= Dan Crawford =

Scottish missionary (1869–1926)

Daniel Crawford (7 December 1869 – 3 June 1926), also known as 'Konga Vantu', was a Scottish missionary of the Plymouth Brethren in central-southern Africa.

He was born in Gourock, son of a Clyde boat captain. He was influenced to go to Africa by meeting Frederick Arnot in 1888, a missionary who had just returned from two years at Bunkeya, capital of the Garenganze King, Msiri, where he had founded the Plymouth Brethren's Garenganze Evangelical Mission.

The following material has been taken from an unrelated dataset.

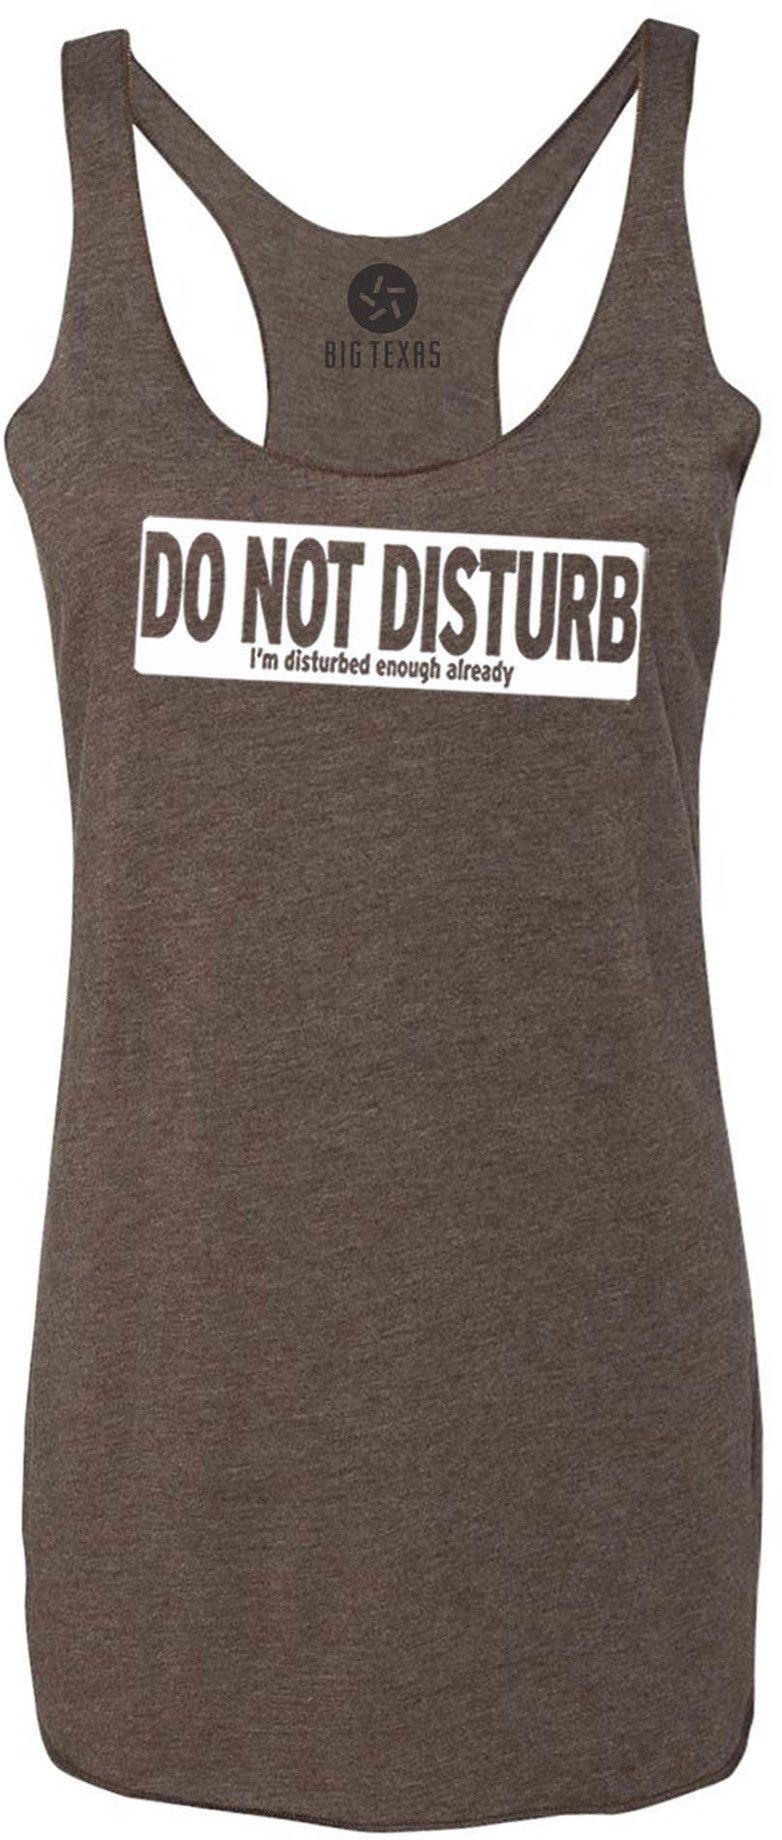 Do Not Disturb (White) TriBlend Racerback TankTop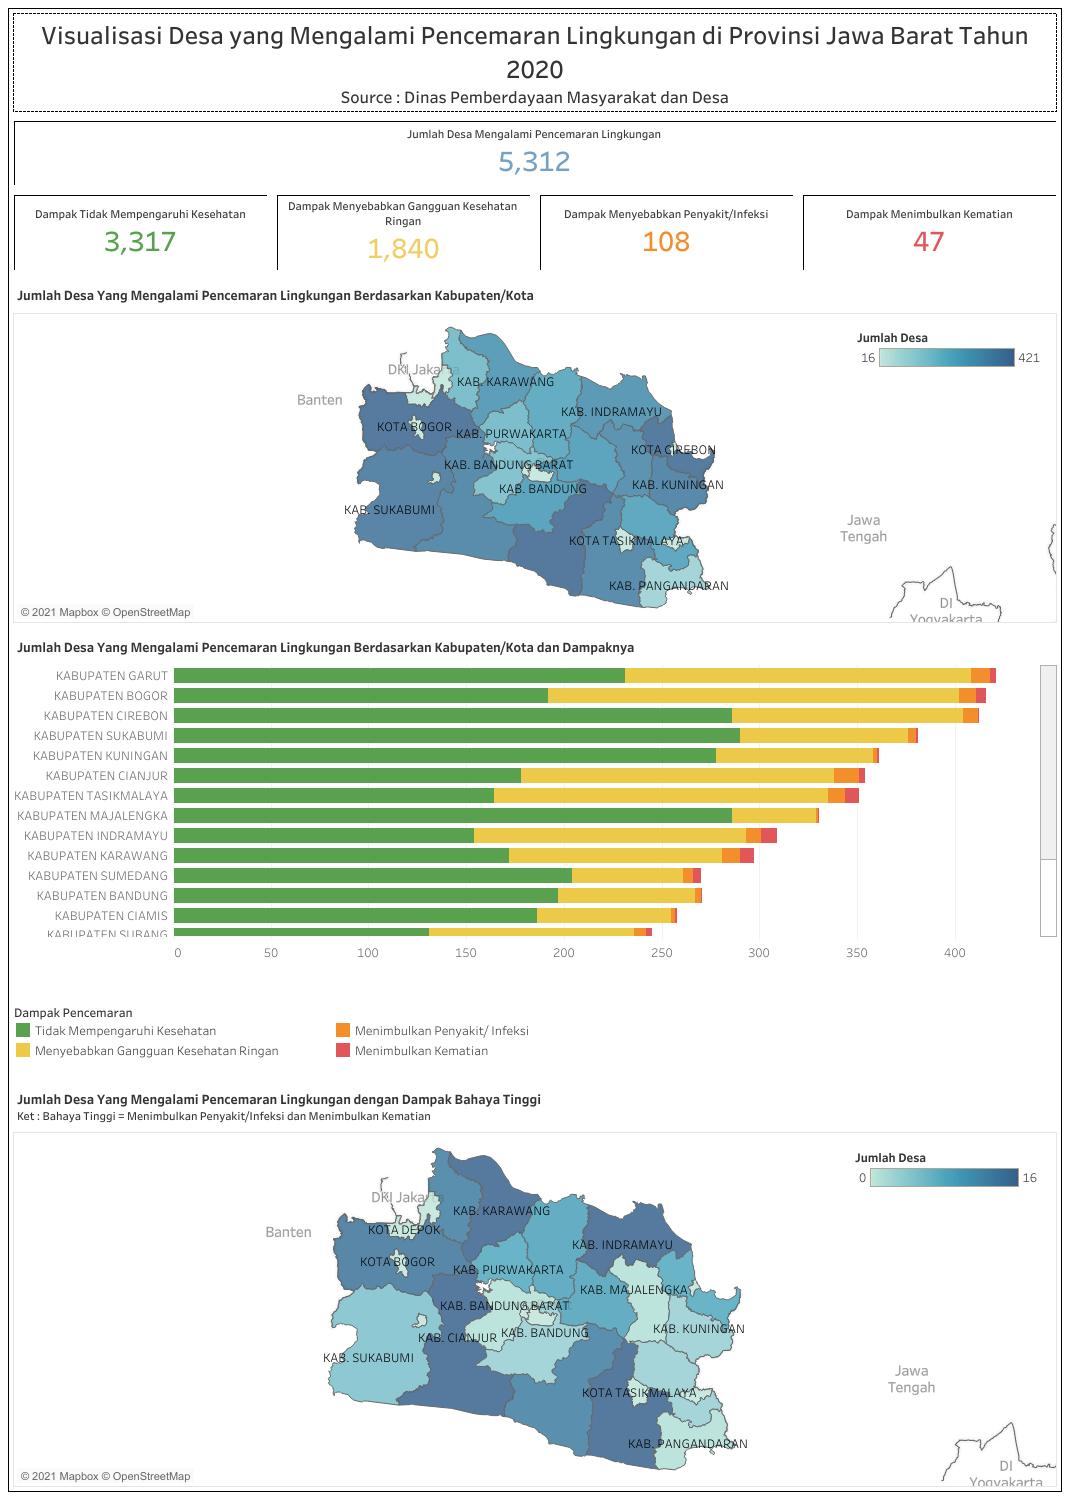 Visualisasi Desa Yang Mengalami Pencemaran Lingkungan Di Provinsi Jawa Barat Tahun 2020

Crawford arrived at Bunkeya in 1890 to join two Plymouth Brethren already at the mission. He was therefore a junior observer rather than a player in the dramatic events of late 1891 when British and Belgian expeditions competed to take Msiri's kingdom into their respective colonies, and Msiri was killed by Lieutenant Bodson of the Belgian expedition,

In the aftermath of the killing and a massacre of Msiri's men, the 10,000-strong population of Bunkeya fled into the bush, and Crawford moved to the western shore of Lake Mweru and established a mission there. The Congo Free State's agents took over Katanga with a brutality which caused many refugees to come to Crawford's mission, which was the origin of his nickname 'Konga Vantu' which means 'gatherer of the people'. Crawford also persuaded many chiefs to give up their slaves whom he took into his mission. Soon he had to move to a better site which could support more people at the Luanza River near where it flows into Lake Mweru.

Crawford was an individualist who did not work well for long in the company of his seniors or colleagues, but he did much to travel around the Luapula valley founding and encouraging other outposts of the Garenganze Evangelical Mission. He studied African languages and sought to understand African customs and traditional rule, and was a frequent visitor to chiefs such as Mwata Kazembe. When the latter rebelled against and was defeated by the British, Crawford and his mission colleagues had a role in persuading the chief to accept the inevitable and to achieve a working relationship with the colonial authorities. He wrote two influential books, of which one, Thinking Black was recommended reading for those Europeans who wanted to work in partnership with, rather than over, Africans.

Crawford also encouraged other Protestant missions to come to Luapula, such as the London Missionary Society, and he was invited to open the new church at their Mbereshi Mission.

Despite once believing that a missionary should not marry, Crawford married Grace Tilsley and continued to be based at Luanza until his death in 1926. He only returned to Britain once, although he did visit the US and Australia to recruit missionaries and obtain funding.

One of Dan Crawford's grandchildren is Mairi Hedderwick, author and illustrator of the Katie Morag series of children's picture books.